資産形成はスタートが遅れた分だけ傾斜がキツくなる
では、どんな方法でお金を貯めればこの目標を達成できるのか。特にこれから子育てにさしかかる家庭では、毎月のやりくりからまとまった資金をひねり出すのは容易ではない。そこでお薦めなのが、月々少しずつでも定期的にお金を積み立てていく方法。給料口座などから自動的にお金を積み立てていく仕組み作りをすれば、日々の無駄遣いを避けながら「貯める家計体質」を構築できるはずだ。目標に到達するためどれだけのペースで貯めればよいかは、下記に示した「60歳までに3000万円貯めるために月々必要な積み立て額」を参考にしてみよう。
例えば積み立てを行い、銀行預金よりも少し利益が期待できる債券や株式への投資を加えた1%の運用で増やした場合はどうか。25歳から始めれば、60歳までには運用期間は35年。毎月約6万円の積み立てで、3000万円の資産形成が達成できる。これを夫婦で分担するなら1人当たりの積み立て額は約3万円だ。
ところが、開始時期が30歳からにずれこむと1人当たりの負担は5000円以上もアップし約3万6000円に。

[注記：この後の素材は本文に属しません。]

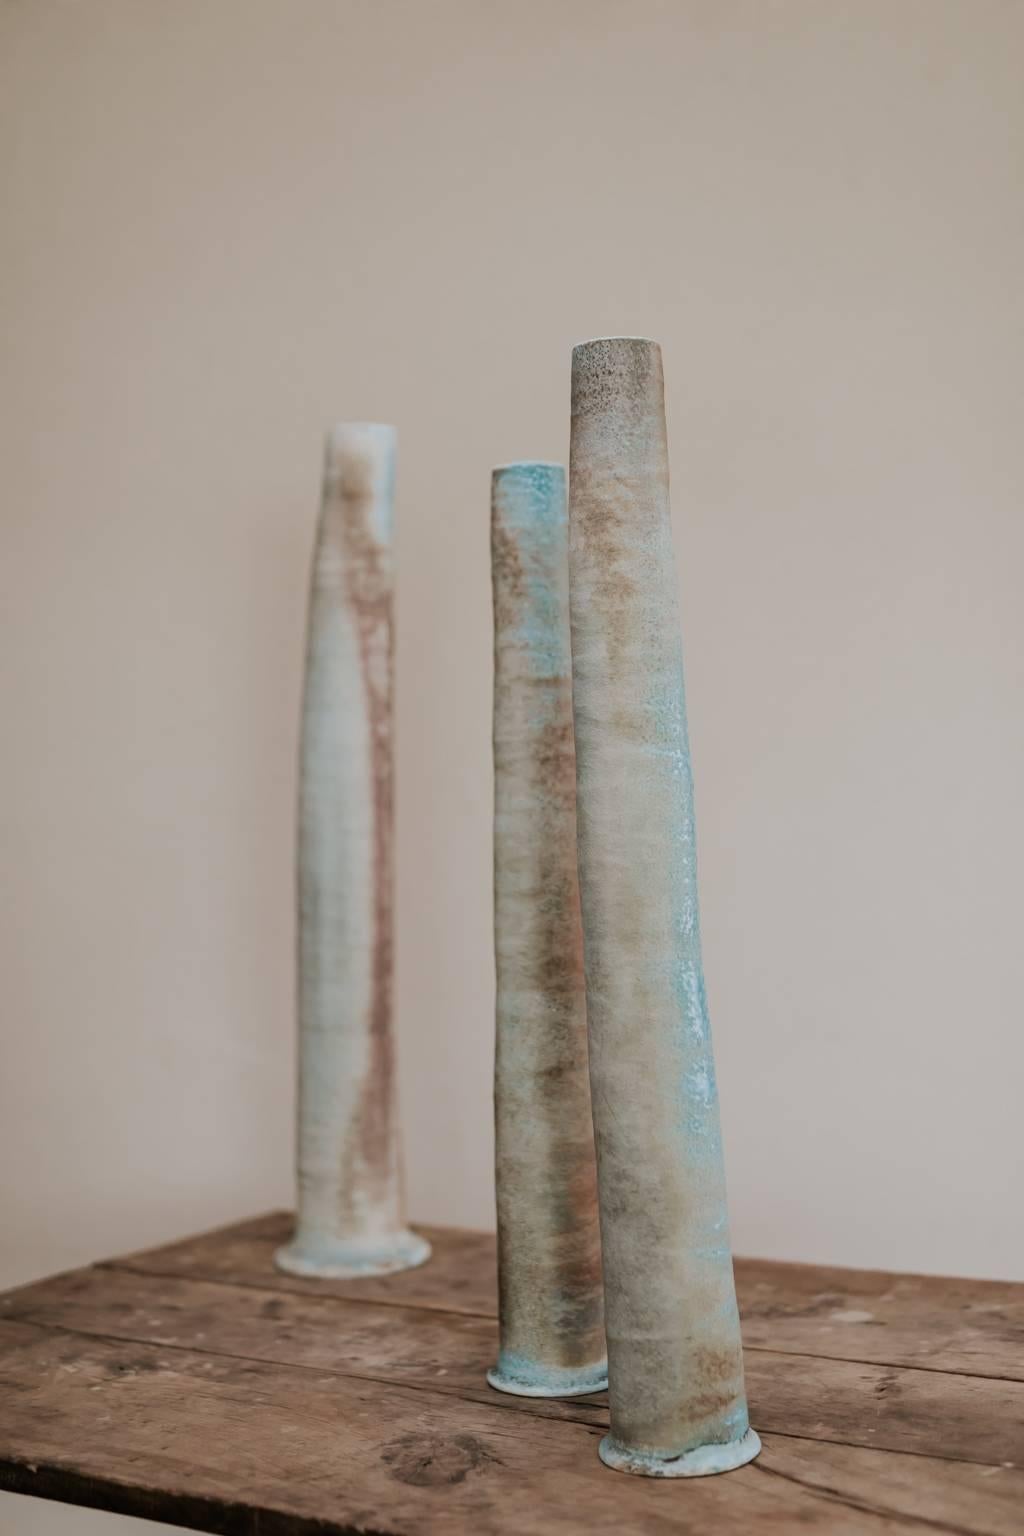 Jack Doherty born 1948, Coleraine, is a Northern Irish studio potter and author.
Totally in love with his work, these ceramic vases have great character and lovely color.
Three different sizes: 83/13, 78/13 and 89/18 cm.

10年遅れの35歳からでは4万4000円、50歳からだと10万円以上の負担に跳ね上がる。この数字を見るだけでも、少しでも早くスタートしたほうが、後で息切れせずに楽に続けられることが分かる。
特に30代から40代に向かう時期は、それまで共働きをしていた世帯でも、妻が育児休業や子育てに追われ収入がダウンする可能性も視野に入れる必要がある。さらにこの後、教育費が大きくのしかかる時期が続くとなれば、月々の負担はできるだけ軽くしたいところ。そのためには、やはりスタートダッシュは早いに越したことはない。早いうちから頑張っておけば、妻が収入減になる時期に積み立て額を少し減らして厳しい時期を乗り切る作戦も可能だ。